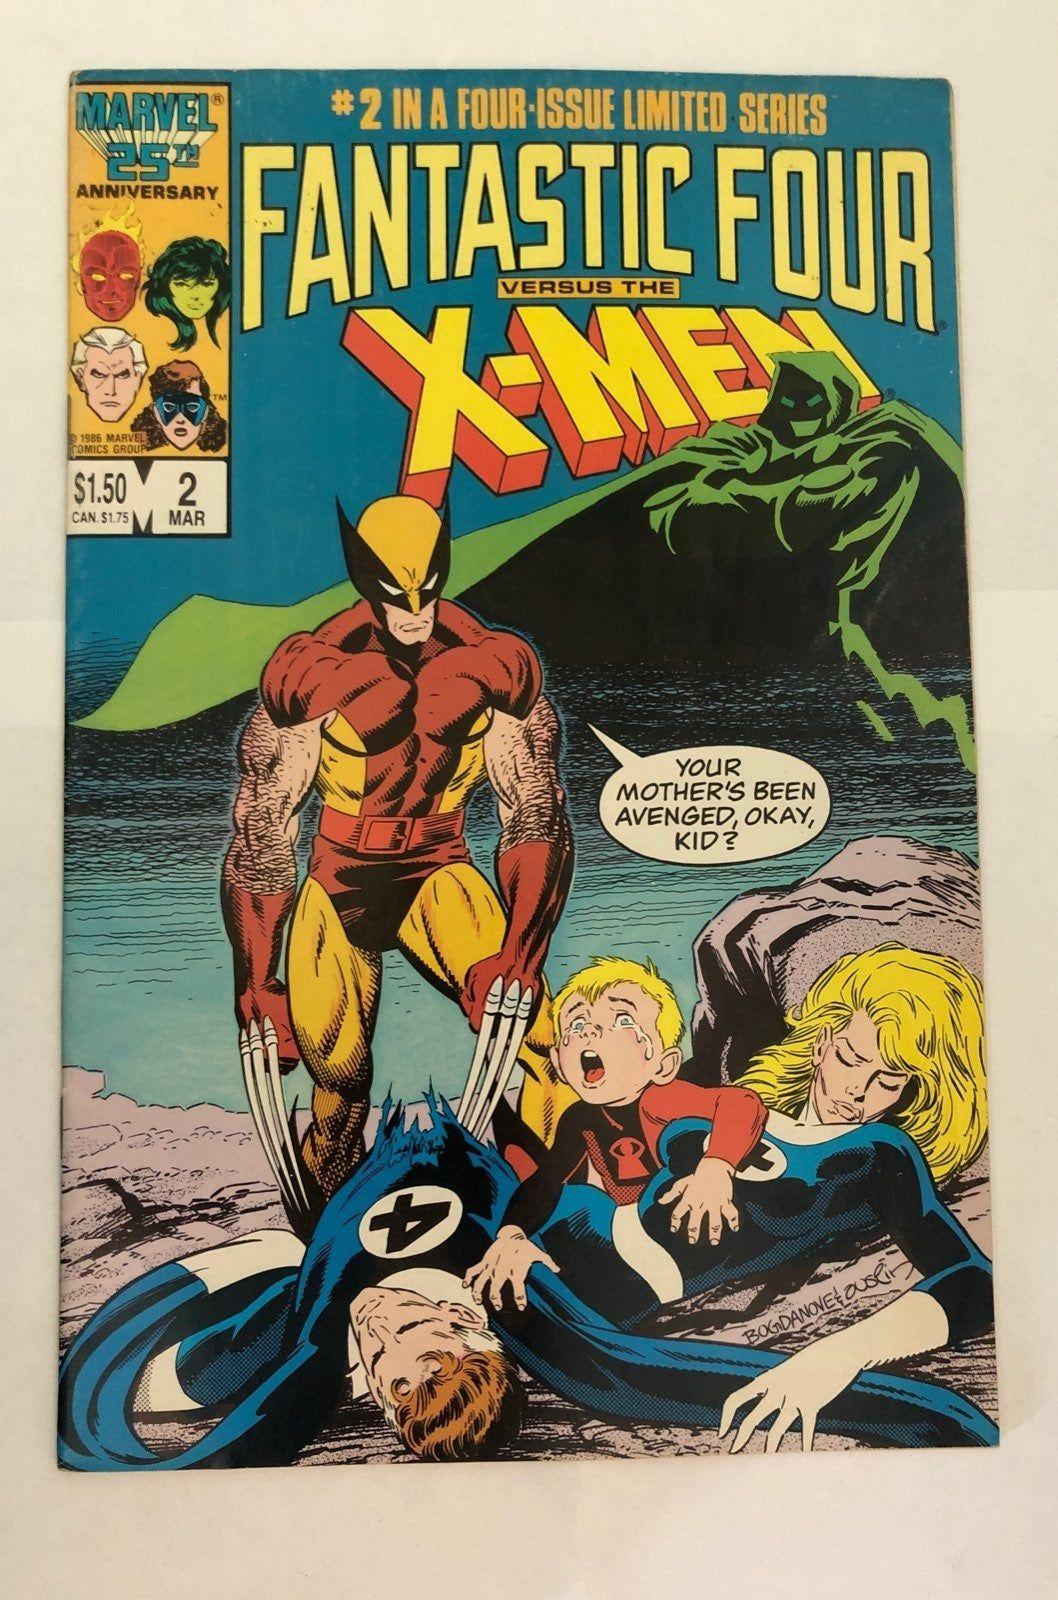 Fantastic Four Vs The X Men 2 Mercari In 2020 Classic Comic Books Fantastic Four Comics Classic Comics
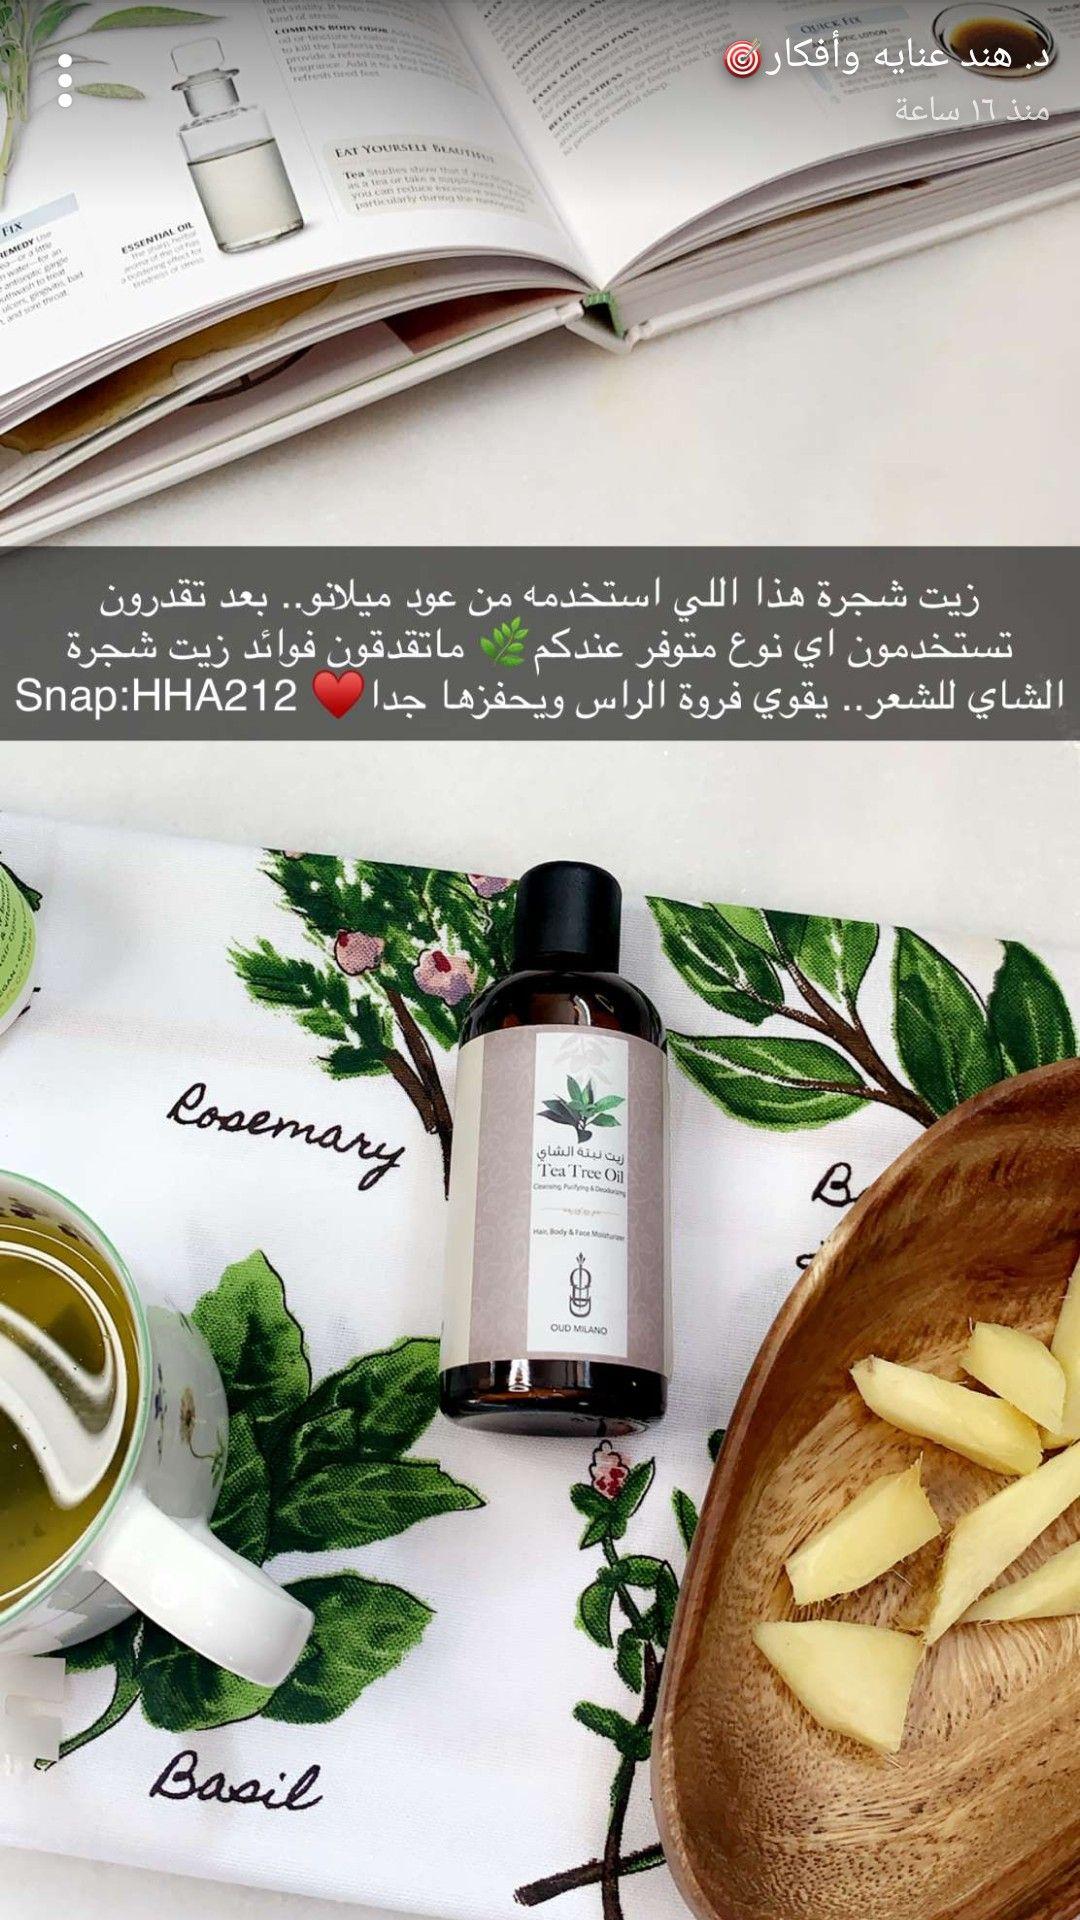 Pin By وهم On د هند عنايه وأفكار Face Cream Food Healthy
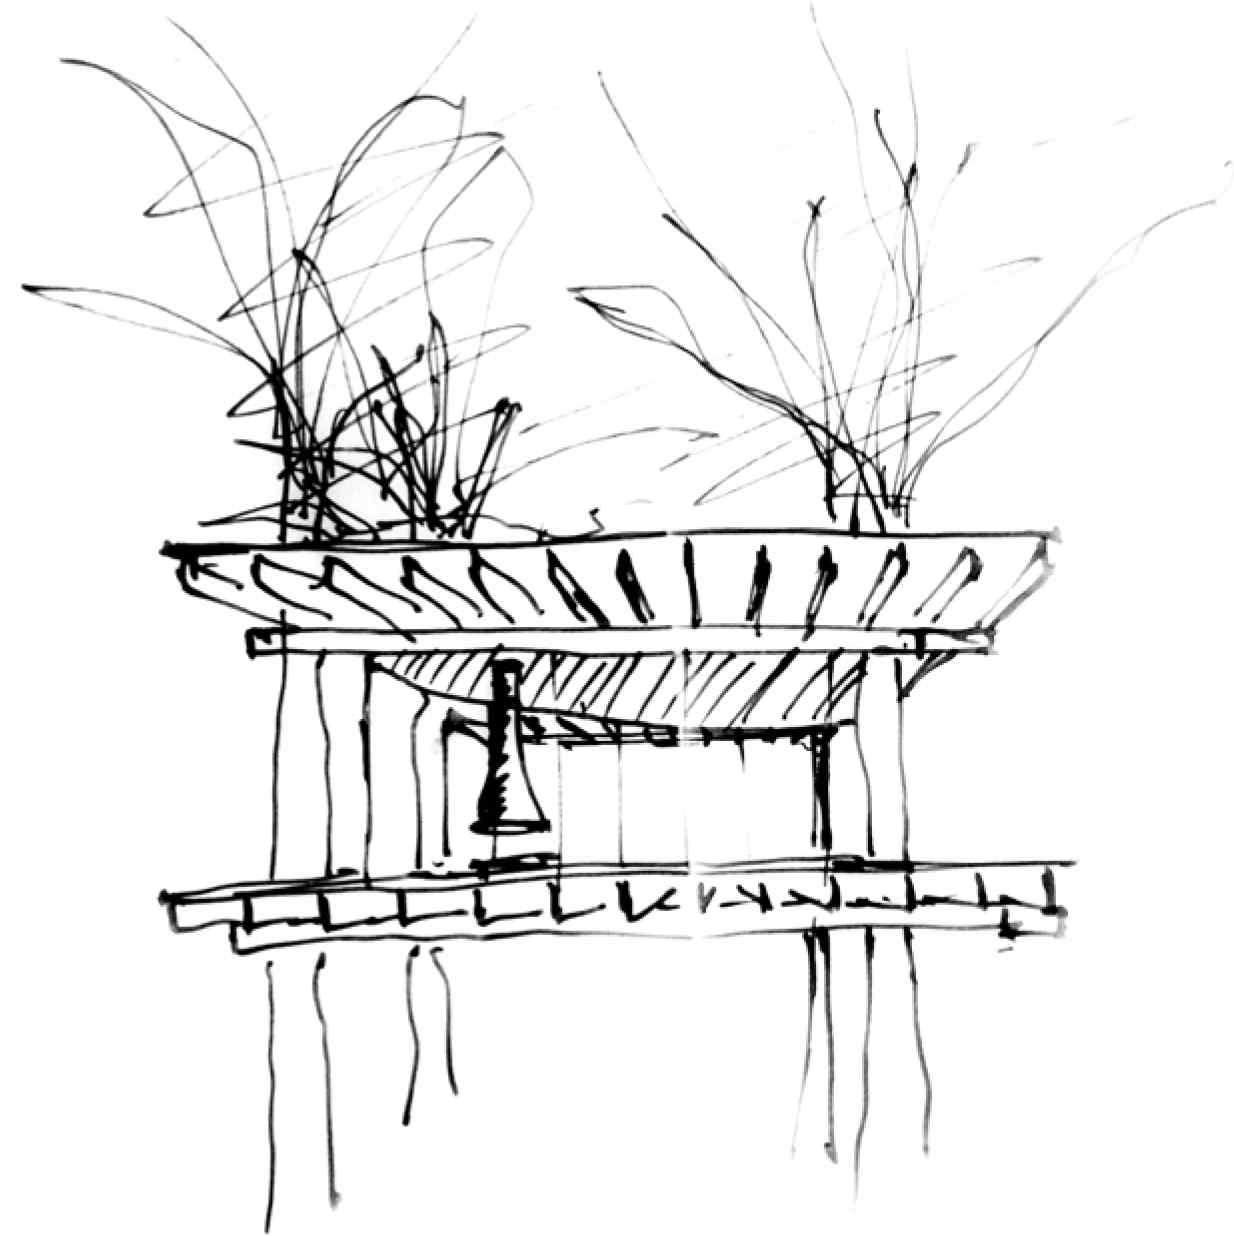 Tree house skica 1

**Action item:** Print the listing exactly, minus its pictures.

**Solution to this problem:**
 Fantastic Four Vs The X Men 2 Mercari In 2020 Classic Comic Books Fantastic Four Comics Classic Comics
 Pin By وهم On د هند عنايه وأفكار Face Cream Food Healthy
 Tree house skica 1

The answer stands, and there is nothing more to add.